For the last twenty years various international working groups associated with the IPCC and World Meteorological Organisation have been making submissions and predictions regarding the likely effects of global warming on tropical cyclones. These reports have indicated the maximum intensity of cyclones is unlikely to significantly increase, certainly not beyond 10-20 percent. A ‘Statement on Tropical cyclones and Climate Change’ in 2006 by Dr G. B. Love the Permanent Representative for Australia indicated that rainfall intensity could increase, due to the increasing water vapour content of the atmosphere. Twenty years later, the data shows that both the intensity and number of cyclones has been declining.

The extraordinary rainfall associated with the flooding of Lismore and surrounds in early 2022, may have been exacerbated by the increase in water vapour content from the explosion of the volcano Hunga Tunga in January of that year. It could be that the Hunga Tonga eruption has also caused a depletion of ozone in the stratosphere, after temporarily increasing the water vapour content. There has been no overall increase in water vapour content of the lower troposphere associated with increasing atmospheric levels of carbon dioxide.
The general circulation models have difficulty simulating the local impact of volcanic ash on rainfall intensity and global temperatures, and this is a problem because aerosols can supercharge the atmosphere making rainfall more intense.
Importantly, and contrary to recent popular commentary, there are no two separate parts to the Bureau: one making operational weather forecasts and one concerning itself with climate change. Since June 2013, forecasts for the next three-hours and next three-months have relied on a general circulation model and since 2018 specifically on ACCESS, with some adds-on to provide more resolution. There is an urgent need for the skill of this general circulation model to be properly assessed. This could be done as a matter of urgency and through a comparison of forecast versus predicted rainfall for the Cairns catchment area through December 2023, particularly after cyclone Jasper made landfall.

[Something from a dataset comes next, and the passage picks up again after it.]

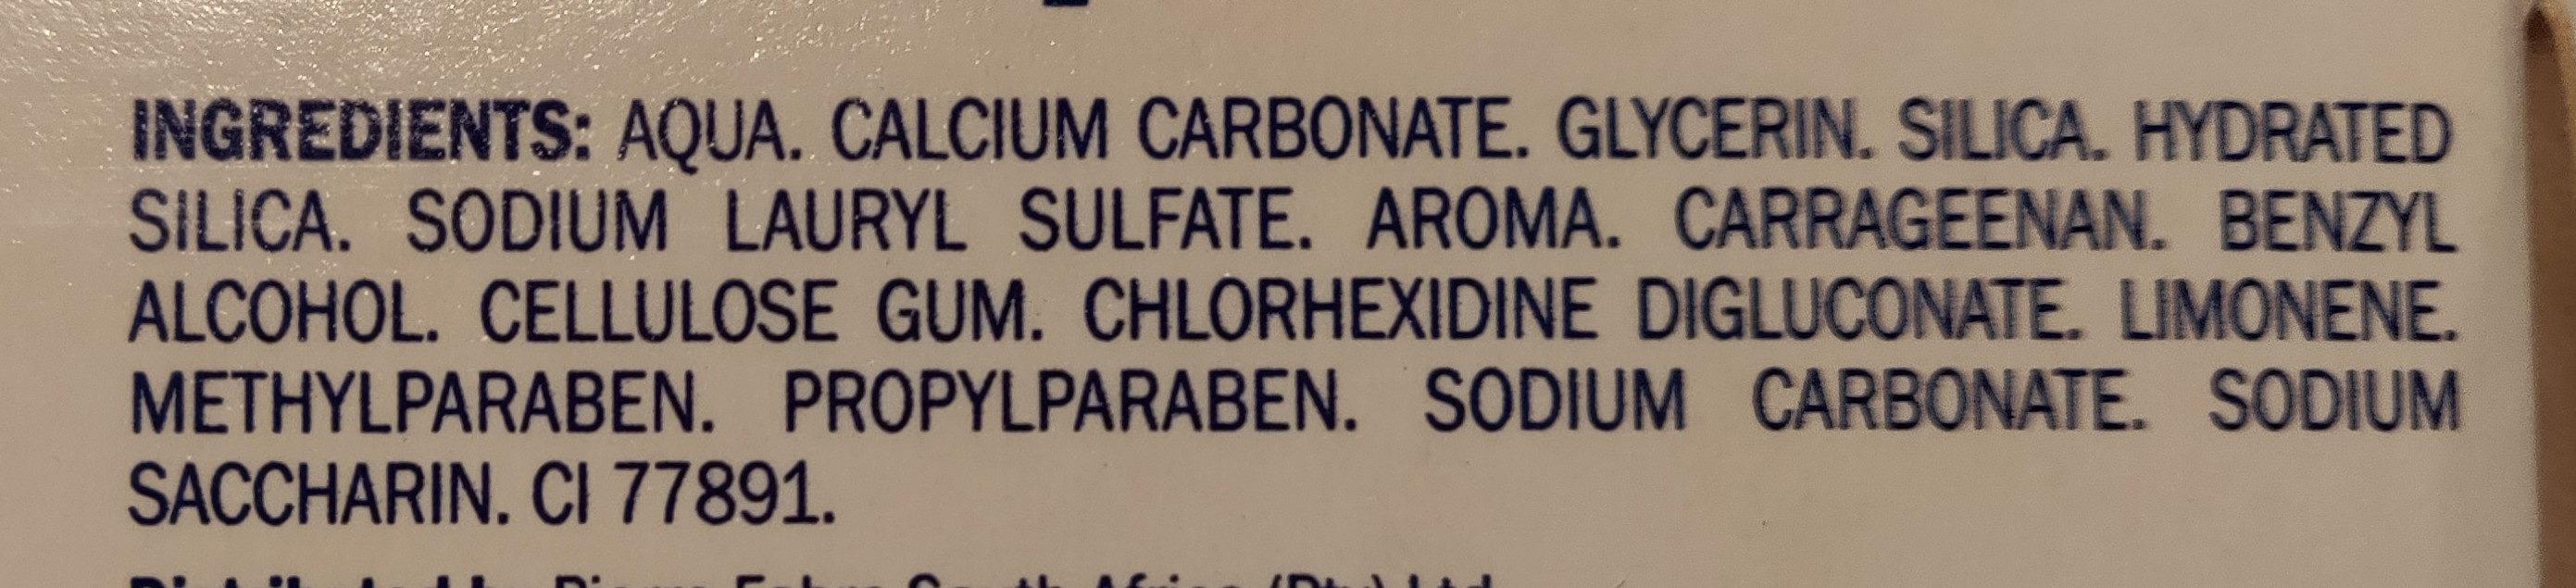 Elgydium Toothpaste Calcium Carbonate - Chlorhexidine - Ingredients - en

There is also a need for the Bureau to quantify the skill more generally of ACCESS against the skill of the new AI weather and climate forecasting systems including Google’s GraphCast and the Pangu-Weather AI model for predicting the direction of cyclones and their likely impact, particularly their capacity to generate intense rainfall over a small area.
There has been much talk about the unprecedented, what would be both unprecedented and welcome would be for the Bureau to start doing KPI’s and measure predictions against actual rainfall totals. This needs to be done for the three-hour rain burst events associated with low pressure systems and also their longer seasonal rainfall forecasts. It is the case that the Bureau also forecast, using the same ACCESS general circulation model, that this summer would be an exceptionally dry one for the same regions that have been flooded. These wrong forecasts have also caused unnecessary hardship, with farmers selling livestock at discounted prices as everyone anticipated drought.